Entries shown
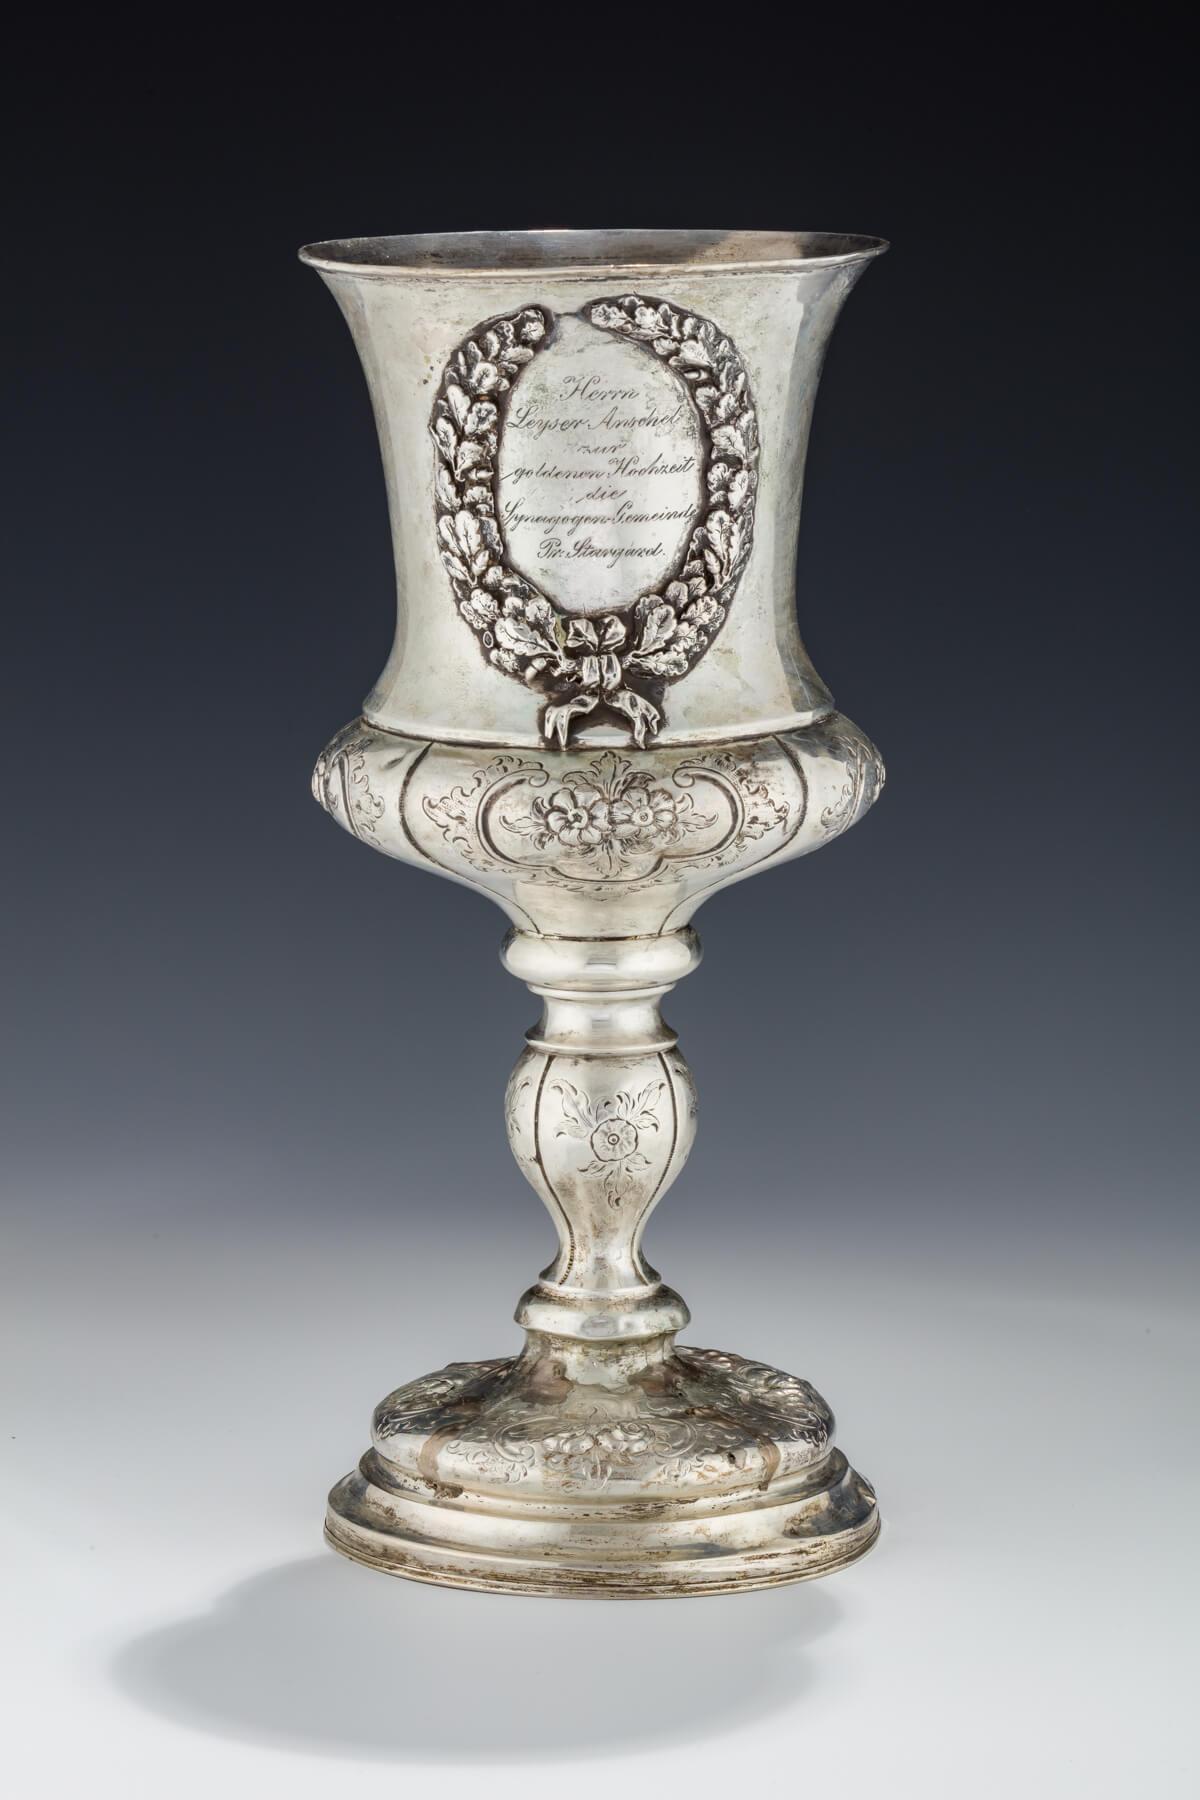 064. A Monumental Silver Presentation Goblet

==

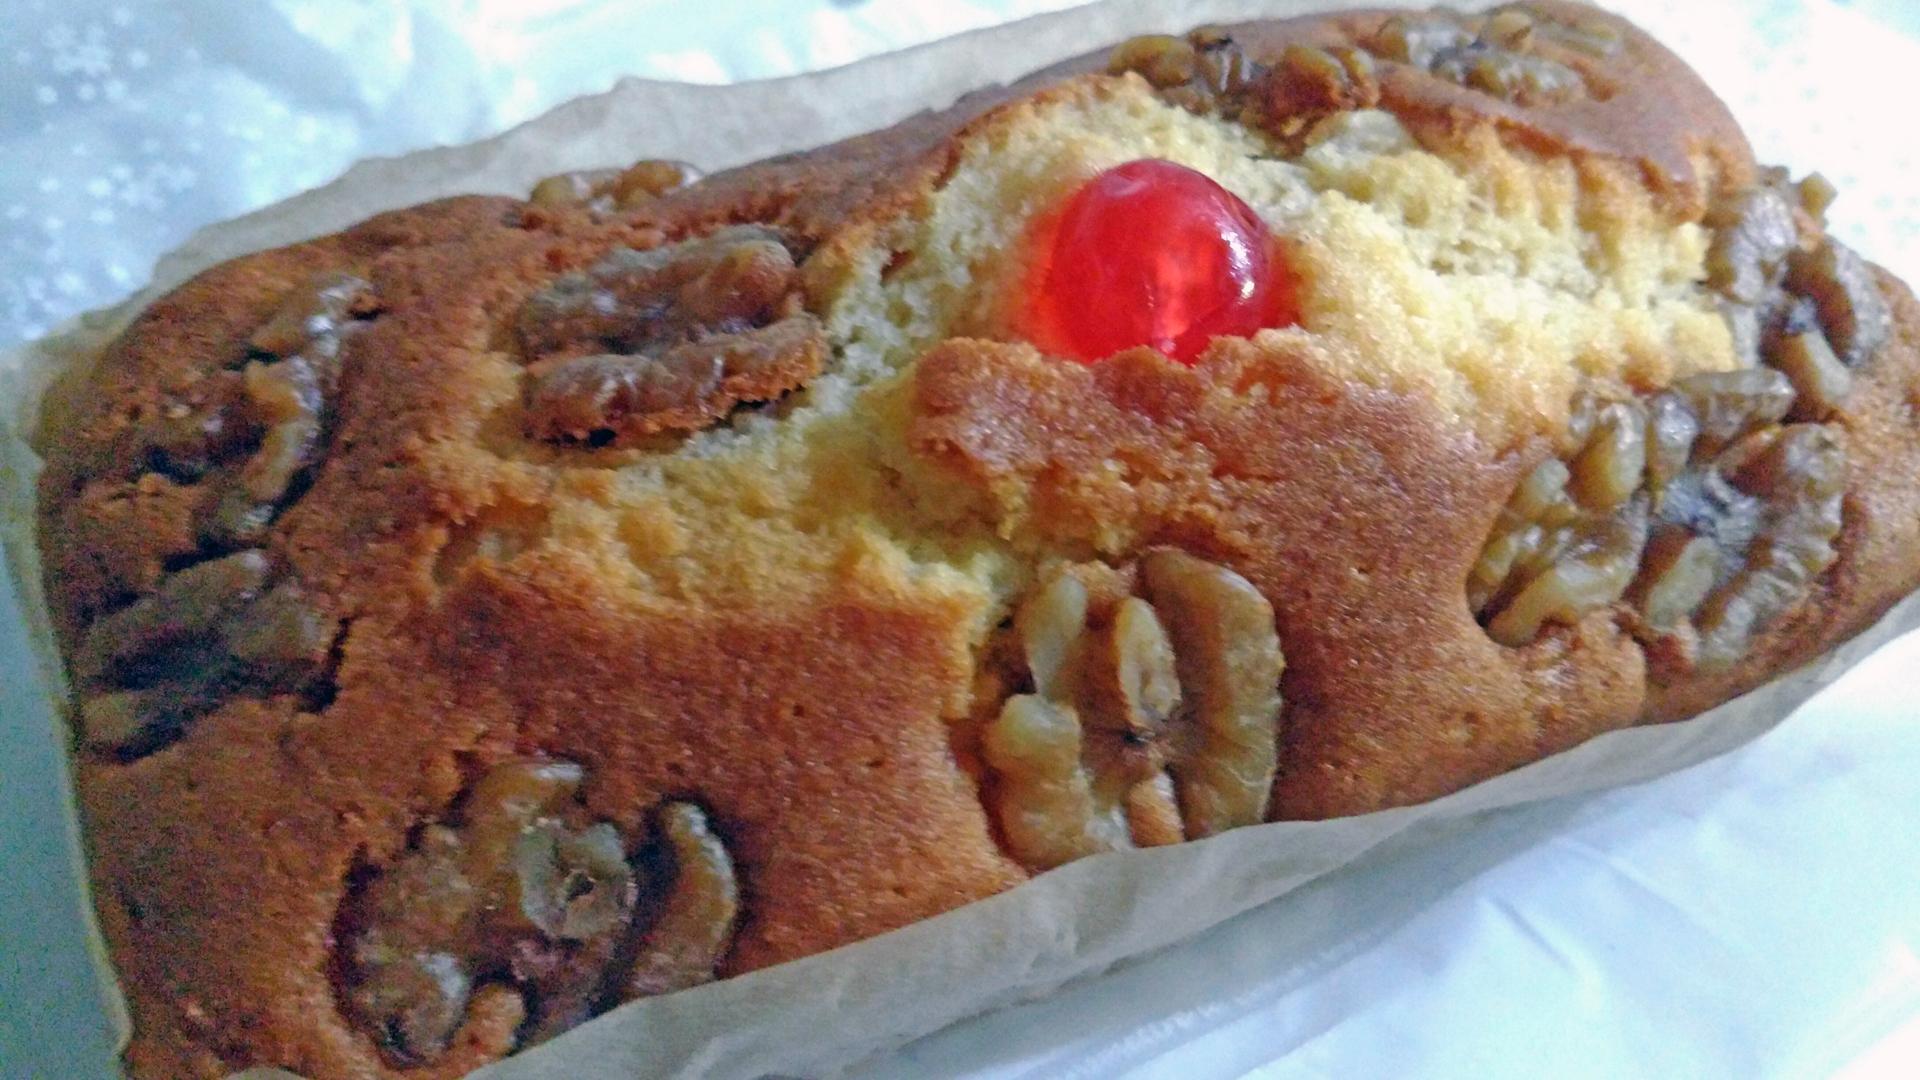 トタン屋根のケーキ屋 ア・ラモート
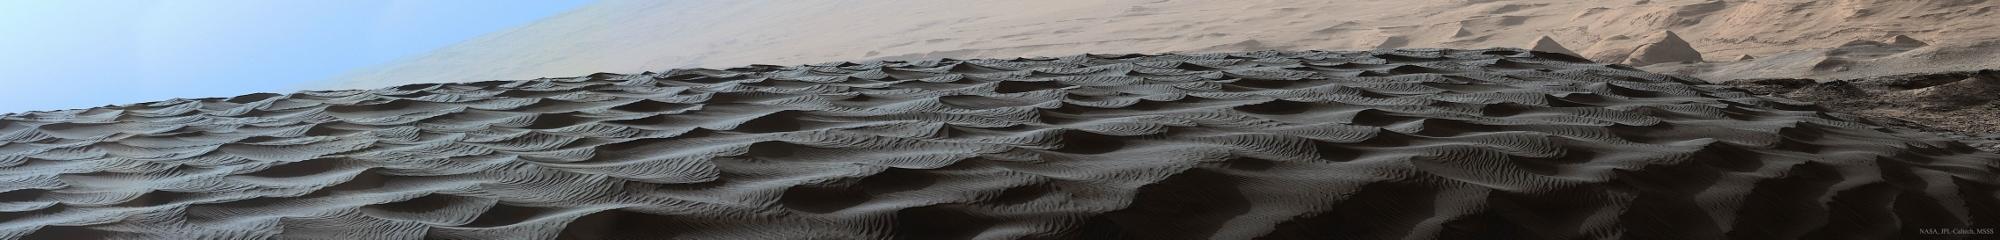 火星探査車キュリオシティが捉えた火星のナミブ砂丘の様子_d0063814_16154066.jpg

Task to carry out
Leaving out the pictures, please output the lines in the entries above from the one with "トタン屋根のケーキ屋 ア・ラモート" through the one with "火星探査車キュリオシティが捉", exactly as they are.

Exercise output
 トタン屋根のケーキ屋 ア・ラモート
 火星探査車キュリオシティが捉えた火星のナミブ砂丘の様子_d0063814_16154066.jpg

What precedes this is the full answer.